Page:Sue - Kernok le pirate, extrait de Le Roman no 697-706, 1880.djvu/32

La bibliothèque libre.
Cette page n’a pas encore été corrigée

— Et qui a donné cet ordre, maître sot ?

— Vous, capitaine.

— Moi !

— Vous, capitaine, en revenant à bord, il y a deux heures ; vrai comme voilà un chasse-marée qui borde sa trinquette », dit Zéli avec un accent de conviction profonde, en montrant par la fenêtre un navire qui exécutait en effet cette manœuvre.

Et Kernok jetait un regard sur Mélie, qui baissait, en souriant, sa jolie tête, pour confirmer l’assertion de Zéli.

Alors il passa rapidement la main sur son front, et dit :

« Oui, oui, c’est bien, dérapez, fais tout préparer pour l’appareillage ; je vais monter. La brise n’a pas molli ?

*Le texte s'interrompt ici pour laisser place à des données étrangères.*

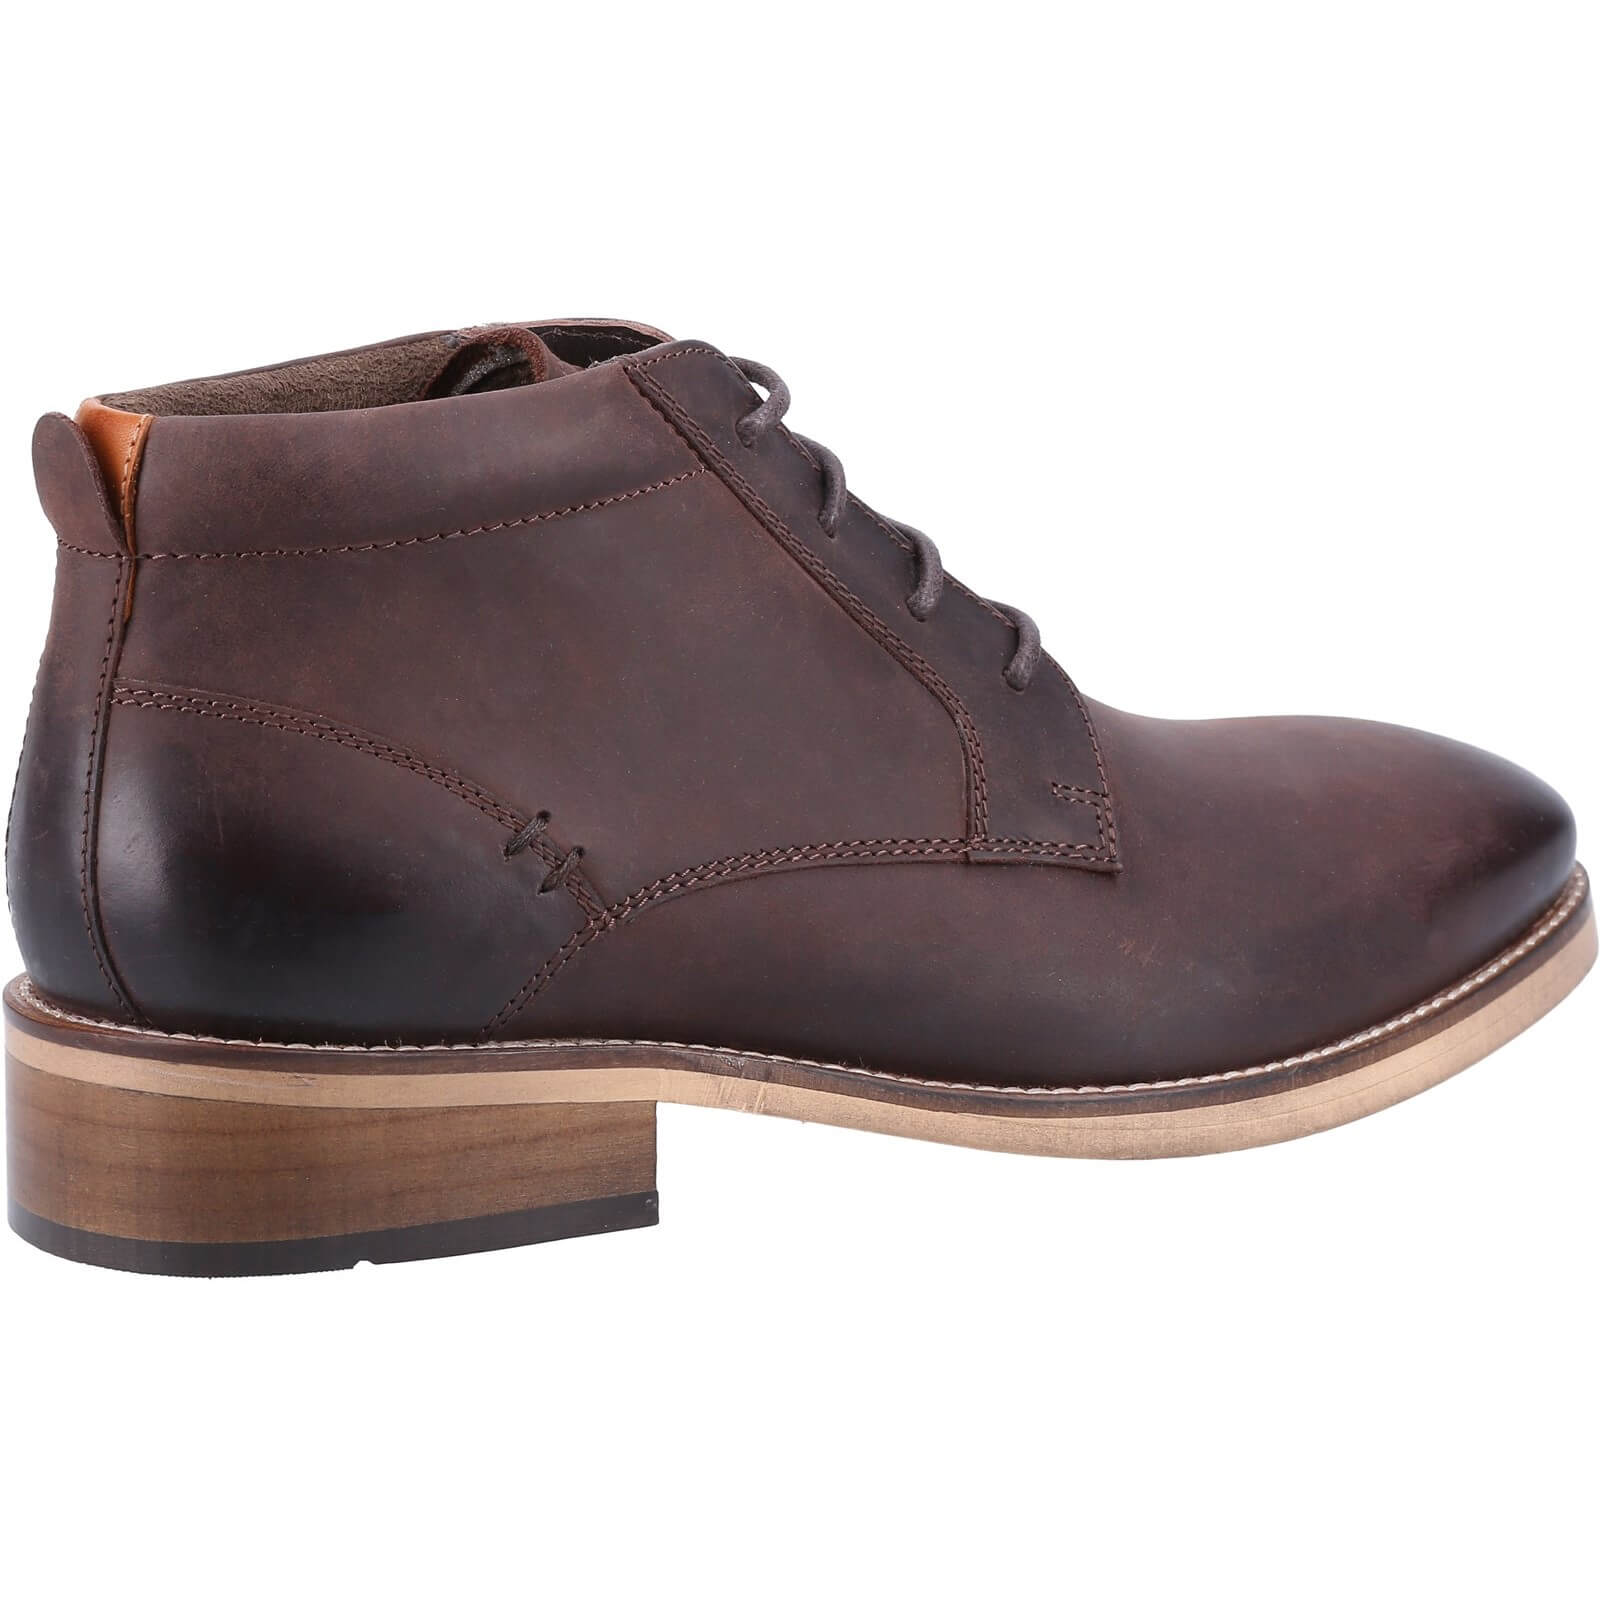 Cotswold Harescombe Boots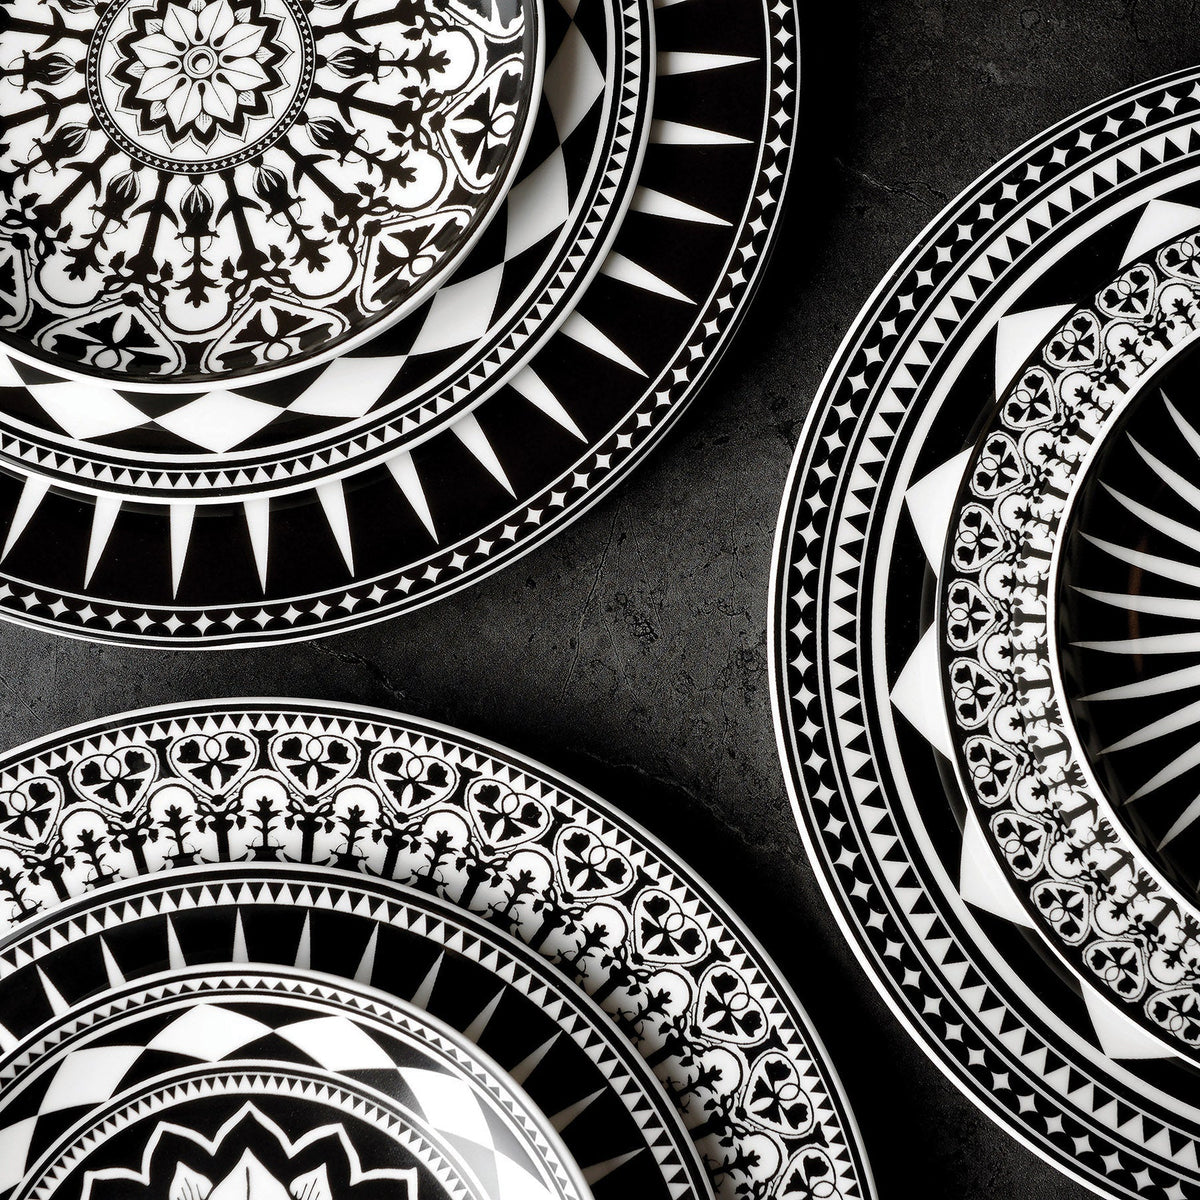 A collection of Casablanca Rimmed Dinner Plates by Caskata Artisanal Home featuring black and white ceramic plates with intricate geometric and floral patterns, all meticulously hand-decorated, arranged on a dark surface.

— Non, capitaine ; au contraire, elle fraîchit beaucoup.

— Va et dépêche-toi. » Le ton de Kernok n’était plus dur et impétueux, mais seulement brusque ; aussi Zéli, voyant que le calme avait succédé à l’agitation de son capitaine, ne put s’empêcher de prononcer un mais…

« Vas-tu recommencer tes mais et tes si ? Prends garde… ou je te casse mon porte-voix sur la tête ! » s’écria Kernok d’une voix de tonnerre en s’avançant sur maître Zéli.

Celui-ci s’esquiva promptement, jugeant bien que son capitaine n’était pas encore dans une situation d’esprit assez paisible pour supporter patiemment ses éternelles contradictions.